- Opening Delimiter -
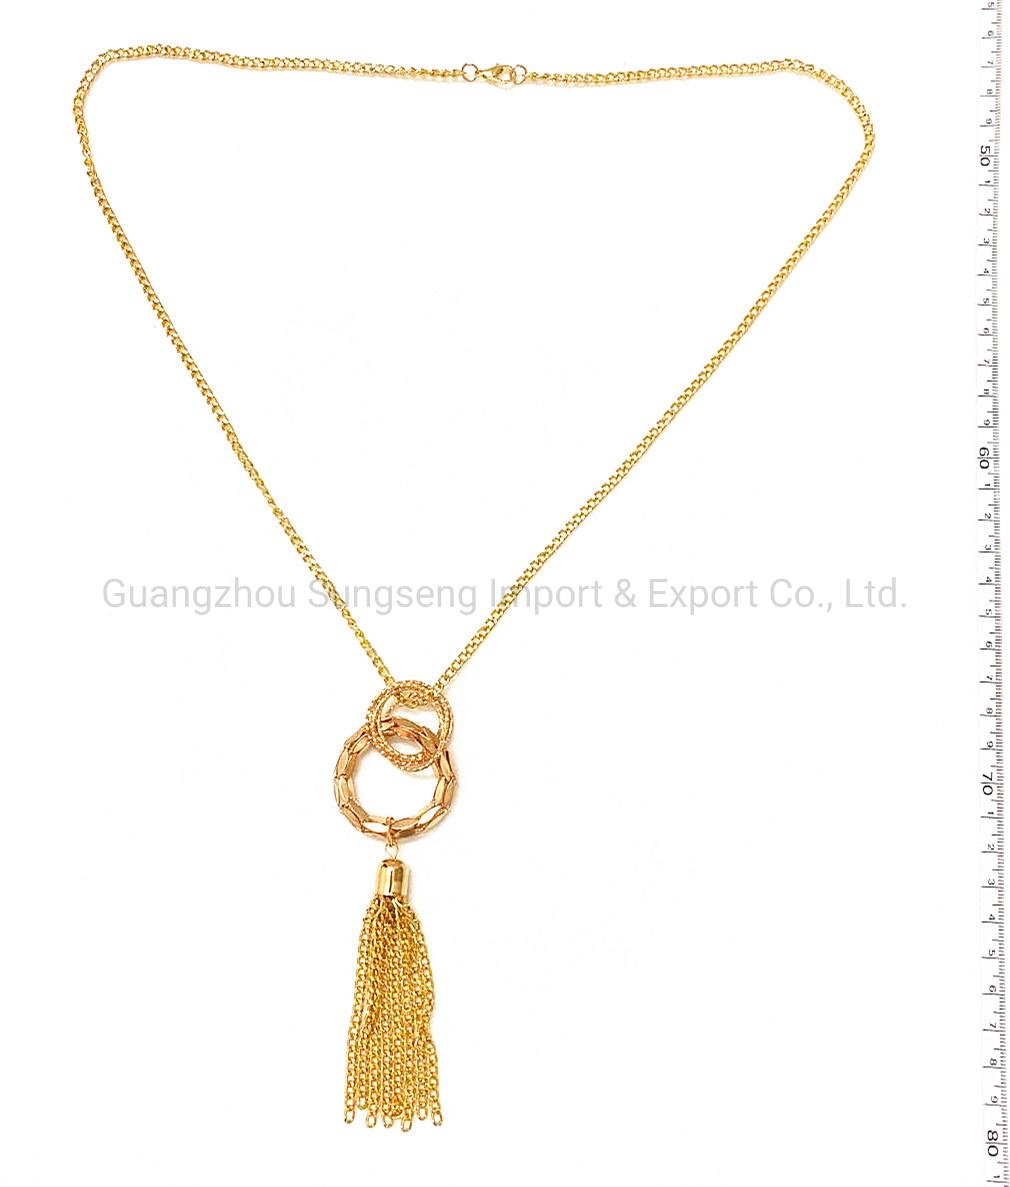 Mode Sieraden Kleding Accessoires Metal Fashion ketting, kan worden aangepast
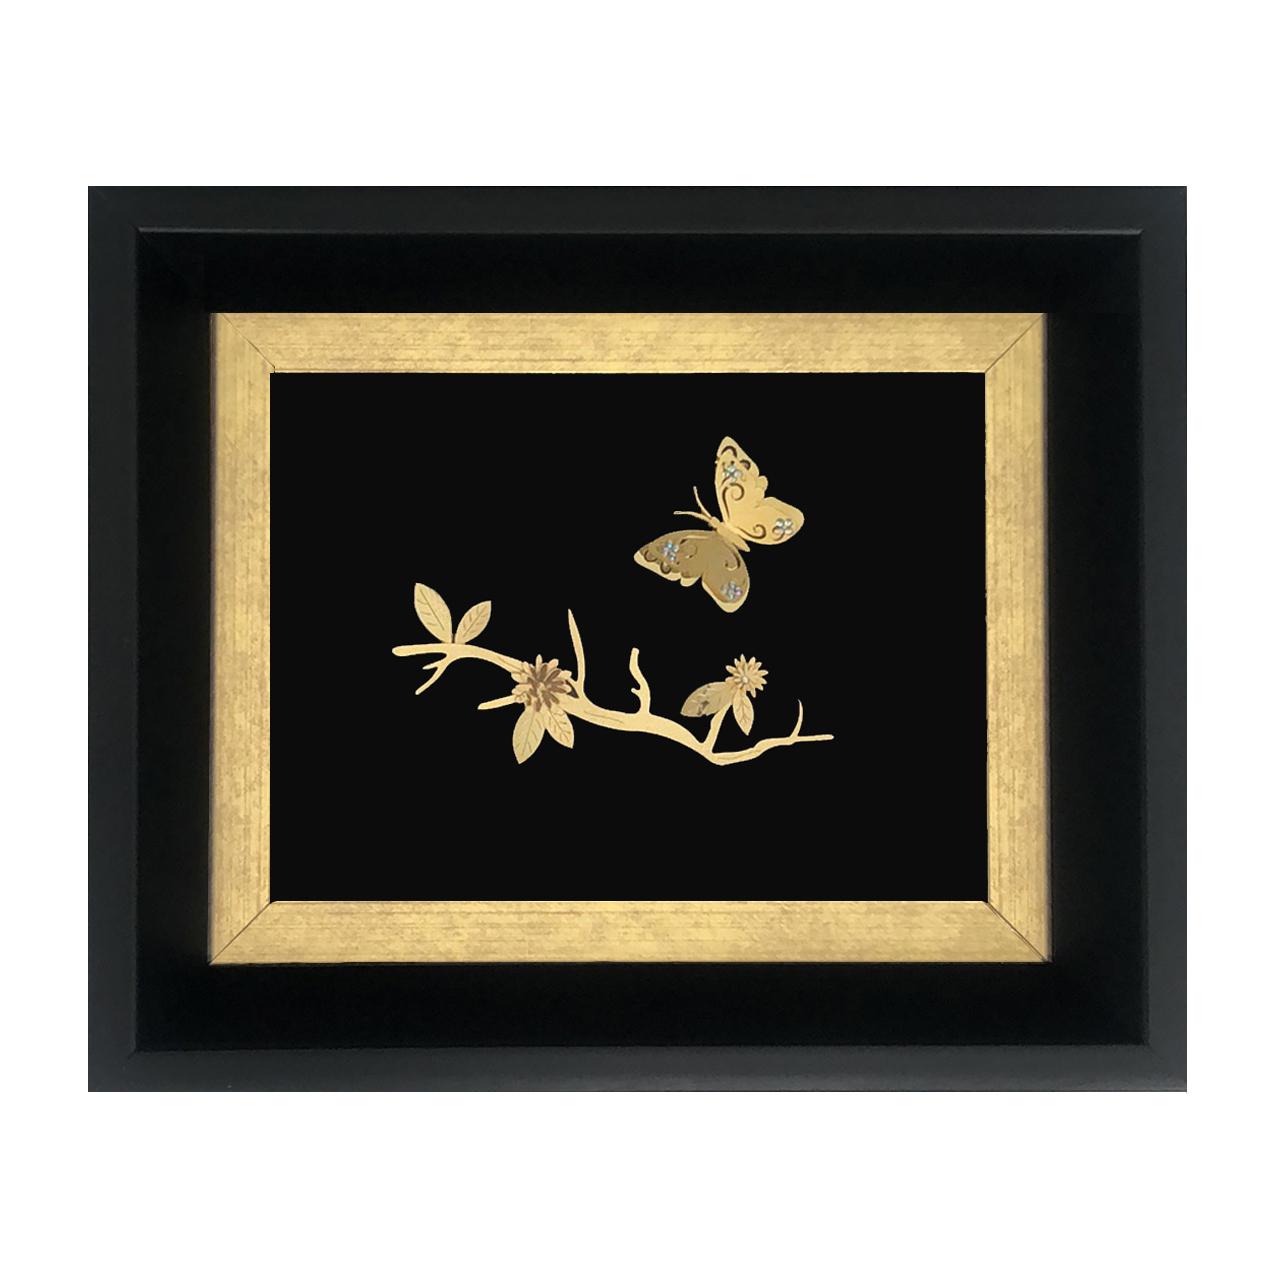 تابلو طلا کوب سام نورزاده طرح پروانه مدل 2156
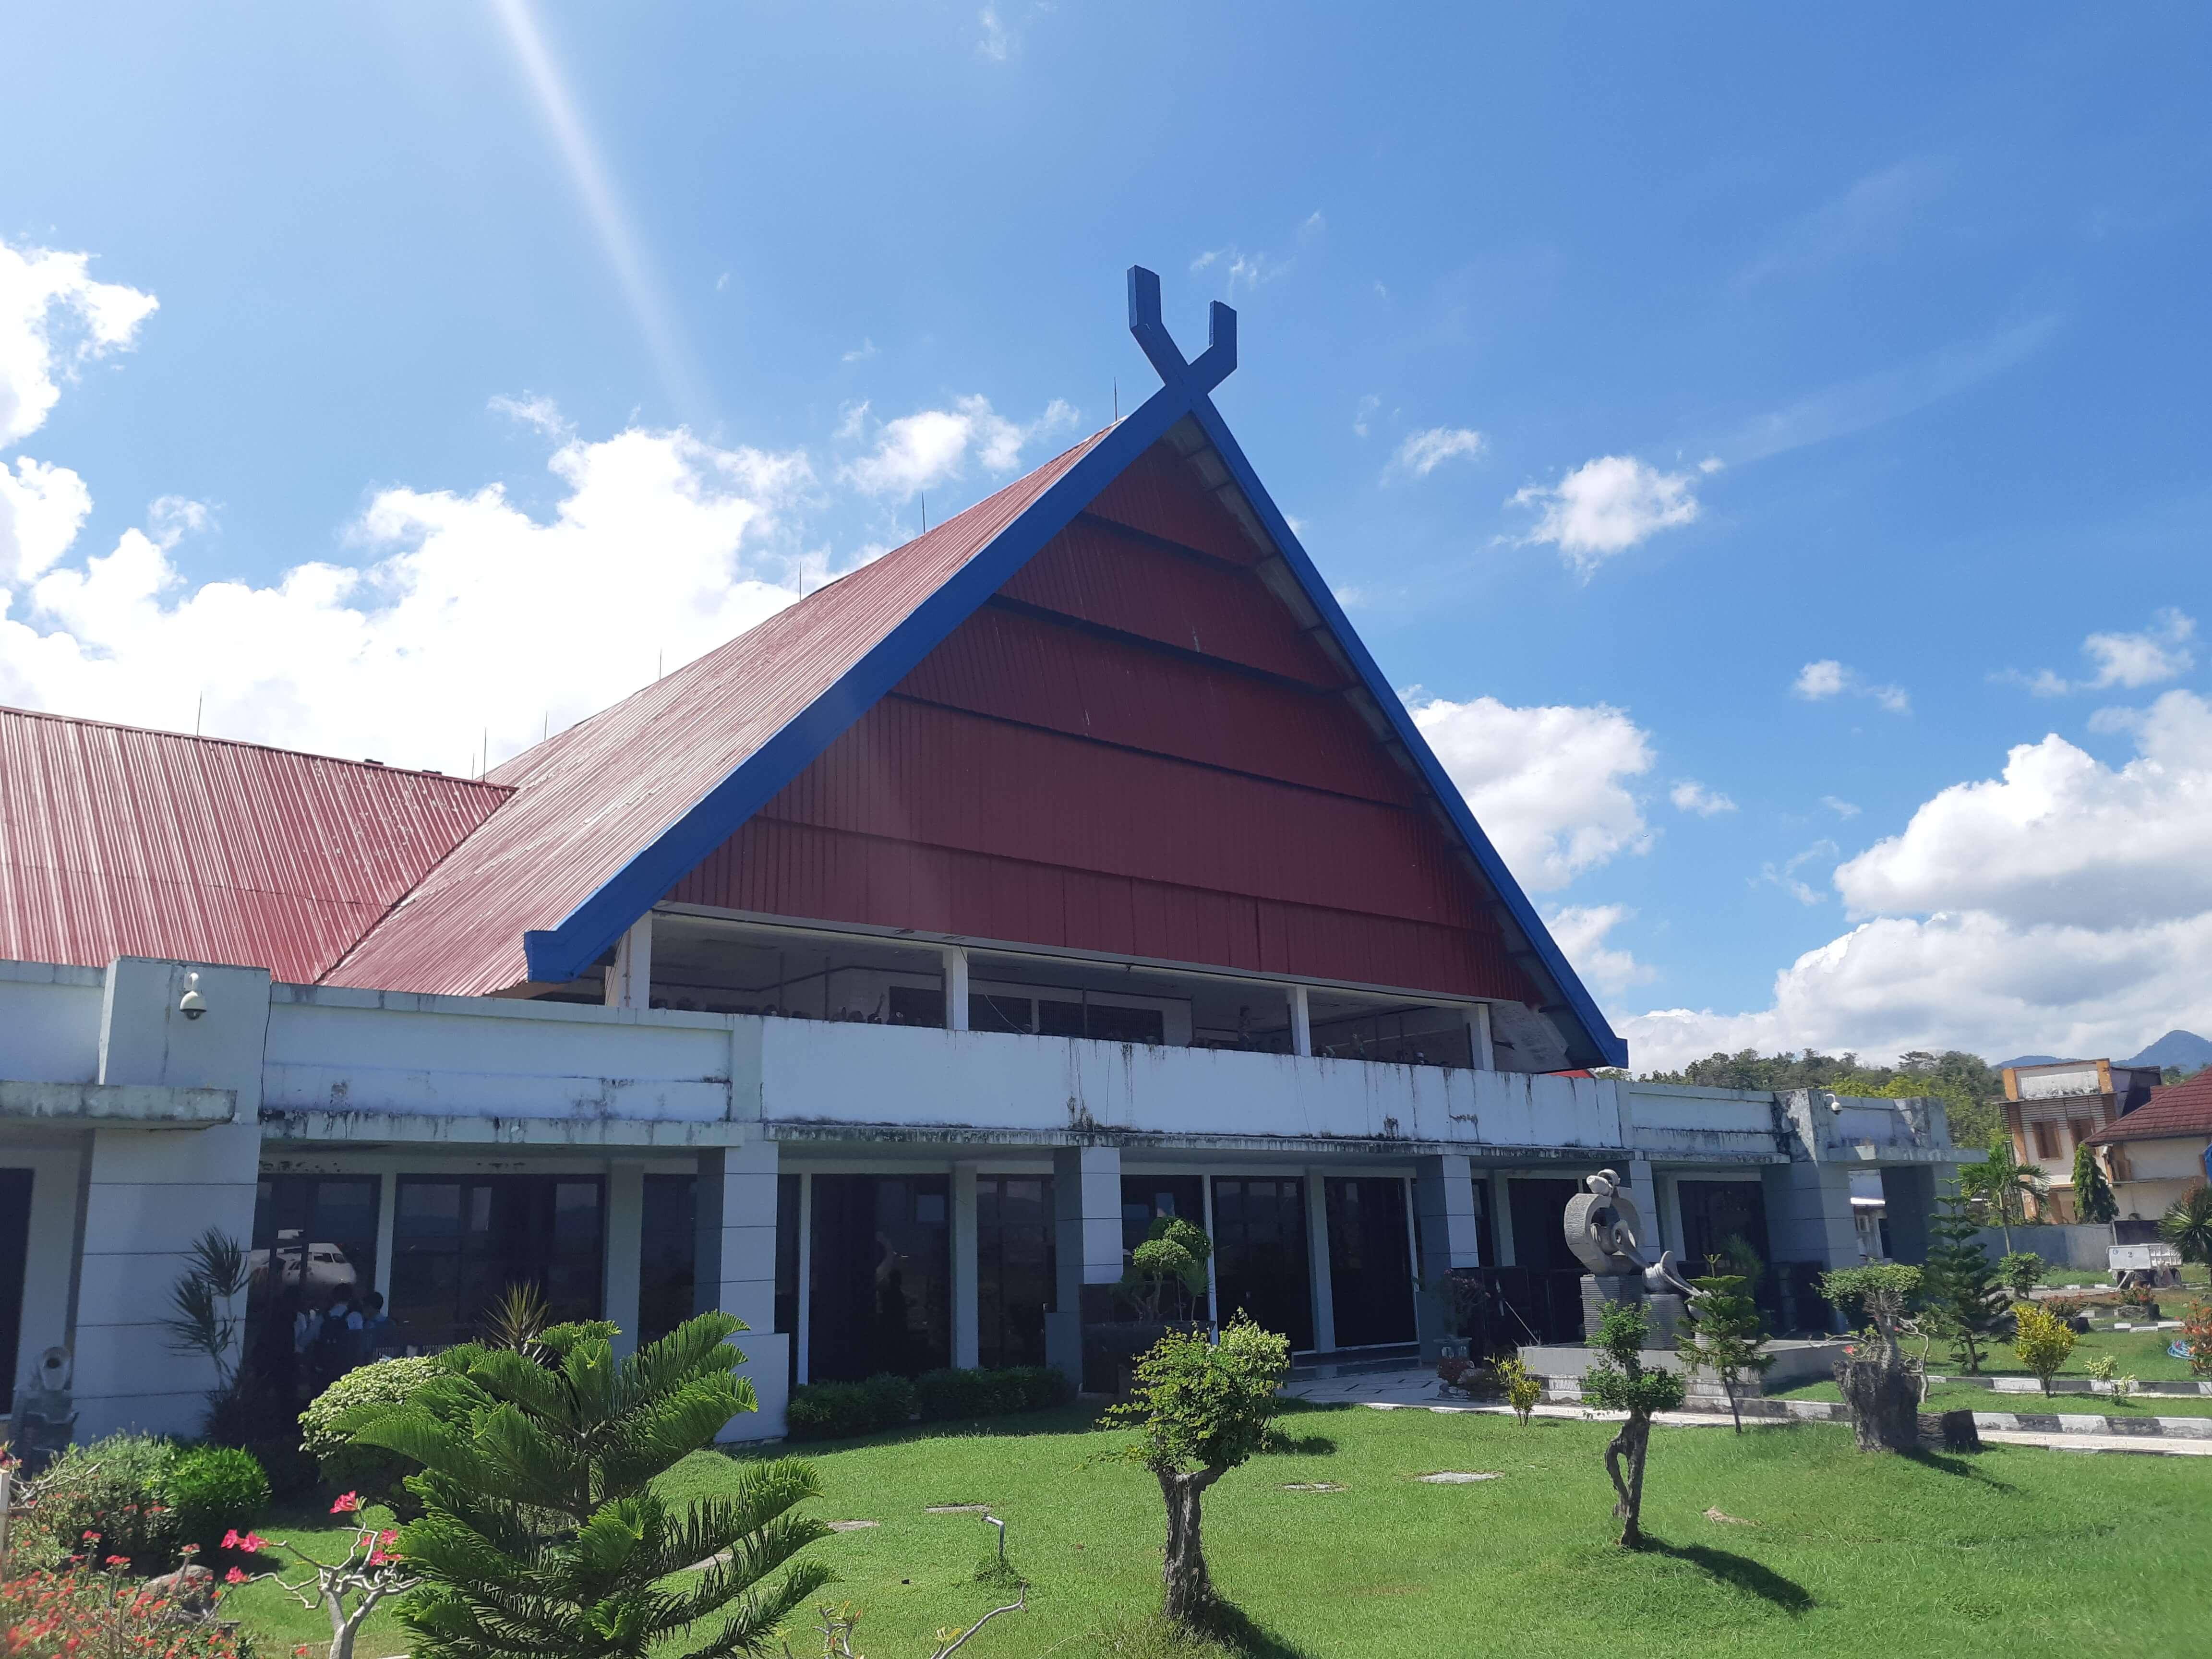 Animo Peserta Lelang Bangunan Gedung Bandara Sultan Muhammad Salahuddin Bima Tinggi, Kenaikan Nilai Lelang Capai 640%
- Closing Delimiter -
Only the lines from the one containing "تابلو طلا کوب" through the end of the listing above should be reproduced, exactly as they stand. Leave the pictures out.

§ **REPLY**:
 تابلو طلا کوب سام نورزاده طرح پروانه مدل 2156
 Animo Peserta Lelang Bangunan Gedung Bandara Sultan Muhammad Salahuddin Bima Tinggi, Kenaikan Nilai Lelang Capai 640%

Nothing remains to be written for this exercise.